The future of the group benefits industry could be reshaped by collaboration and innovation. That conclusion quickly emerged during the Vision 2035 workshop held last February on the sidelines of the the Congrès Collectif (Group Insurance Conference), organized by the Insurance Journal Publishing Group.
About 30 experts, insurers, advisors and ecosystem stakeholders compared perspectives in a three-hour collaborative brainstorming session on the future of group benefits.

The co-design exercise, led by Laurent Simon, Professor and Director, Department of Entrepreneurship and Innovation, at HEC Montréal, generated several promising avenues for reflection.
The goal was to break out of organizational silos and reflect on the industry’s challenges, threats and opportunities at a time when the world appears “uncertain, volatile and complex,” Simon told participants at the Congrès Collectif, gathered at the Palais des congrès de Montréal the day after the session. “We can no longer afford to forgo shared reflection or a connected foresight exercise,” he said during the conference titled Vision 2035: How 30 leaders see the future.
A change in mission
One major observation stood out from the outset: group insurance has already begun a structural shift. Historically focused on risk coverage and treatment, it is moving toward a greater emphasis on prevention and early intervention while encompassing more dimensions of health.
“Health is not simply the absence of illness,” says Simon. “The industry has moved toward a logic of supporting and developing employees.”
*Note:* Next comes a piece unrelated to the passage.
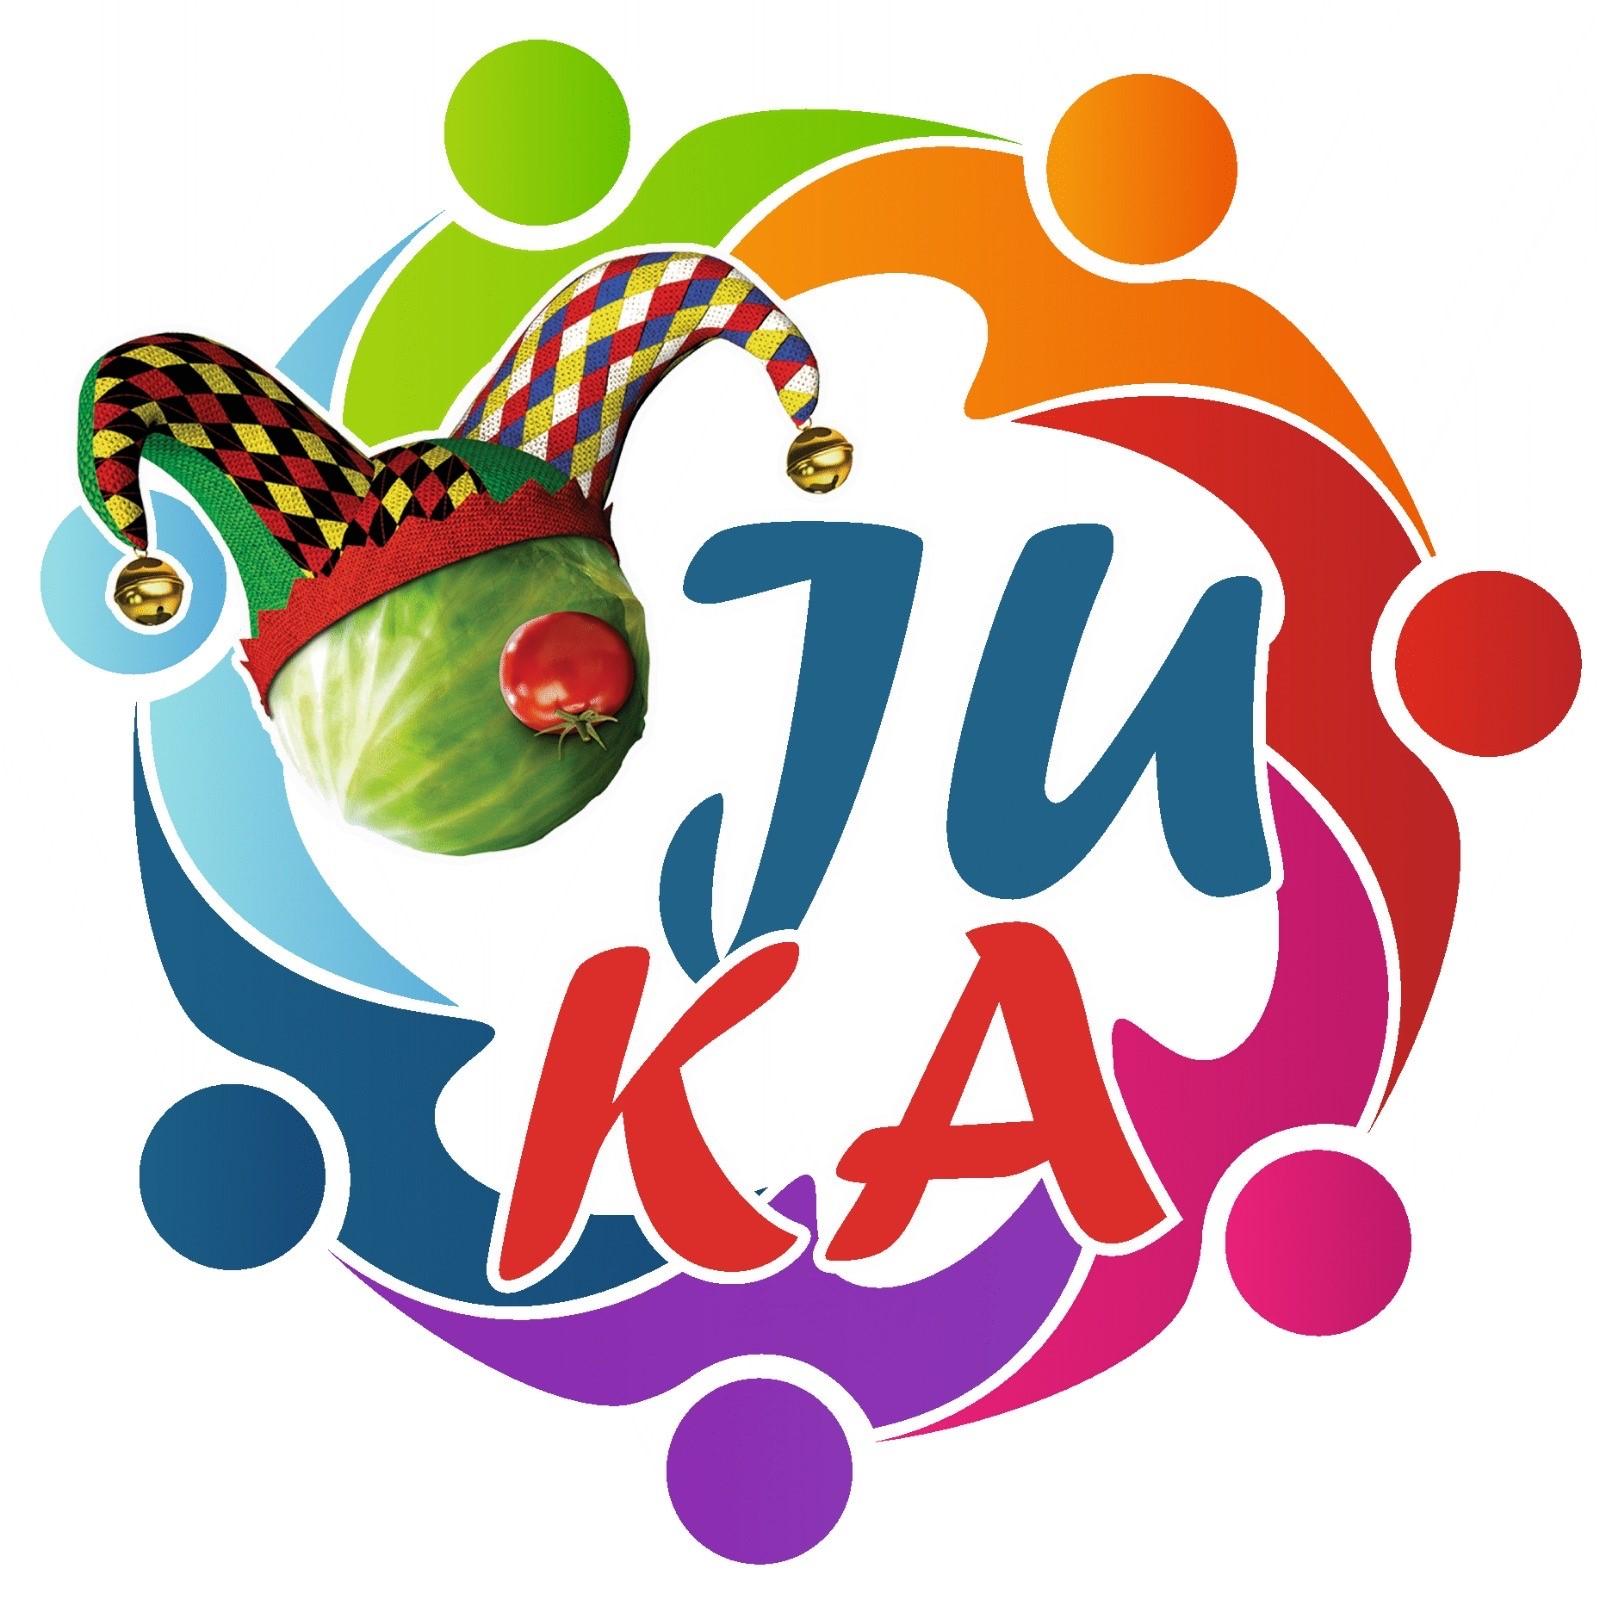 Logo JuKa Neuss

Against that backdrop, group benefits plans will need to become more flexible, more holistic and better aligned with employees’ needs and rising expectations, says Nathalie Laporte, Vice President, Group Reinsurance, at RGA.
“At the end of the day, business performance depends on people. Employee well-being is no longer a nice to have; it is a true performance driver,” Laporte says, adding that studies clearly show the link between workforce well-being and employee engagement.
Combining strengths

Despite the competition that exists across the industry, companies will succeed by pooling some of their strengths and resources, says Benoit Bilodeau, Vice-President, Brokerage and Consulting, Quebec, at Beneva.
The trap the industry must avoid, he says, is allowing insurance to become nothing more than a commodity negotiated on price alone, without any added human value.
“The industry has to take charge and collaborate more,” says Bilodeau. “It needs to find ways to differentiate itself and create value for clients.”
Taking a cue from banking
The insurance industry would benefit from drawing inspiration from the banking sector, Bilodeau says, pointing to the way financial institutions embraced “co-opetition,” blending cooperation and competition.
“Today, we have a rare opportunity: to compete on client experience and innovate to create value for the client,” he says.
Competing firms, he notes, succeeded in pooling their card networks, ATM networks and infrastructure. As a result, operating costs fell, errors were reduced and standards were harmonized, giving them more room to focus on clients.
To follow that lead, insurers should adopt shared adjudication and administration systems, which would reduce the installation and maintenance costs each player currently absorbs. That path would also improve cybersecurity and data protection, he says.
“We are not building on our collective learning,” Bilodeau says. “Each player invests in isolation, and no one shares in the benefits of implementing a system.”
The Beneva executive is also calling for stronger insurance literacy so that the terminology used in the industry becomes as well understood as the vocabulary used in finance.
Advisors’ key role
In such a changing ecosystem, advisors would play a crucial role because they are the link between insurers, employers and employees, according to Laporte.
Rather than focusing mainly on negotiating plan costs, that role would evolve toward a stronger advisory function. Advisors would need to demonstrate the added value of benefits plans and guide employers toward more informed decisions.
“You are at the heart of the ecosystem,” Laporte told advisors. “You understand employees’ expectations and you have a unique perspective that puts you in an ideal position to advance group benefits and support employee well-being.”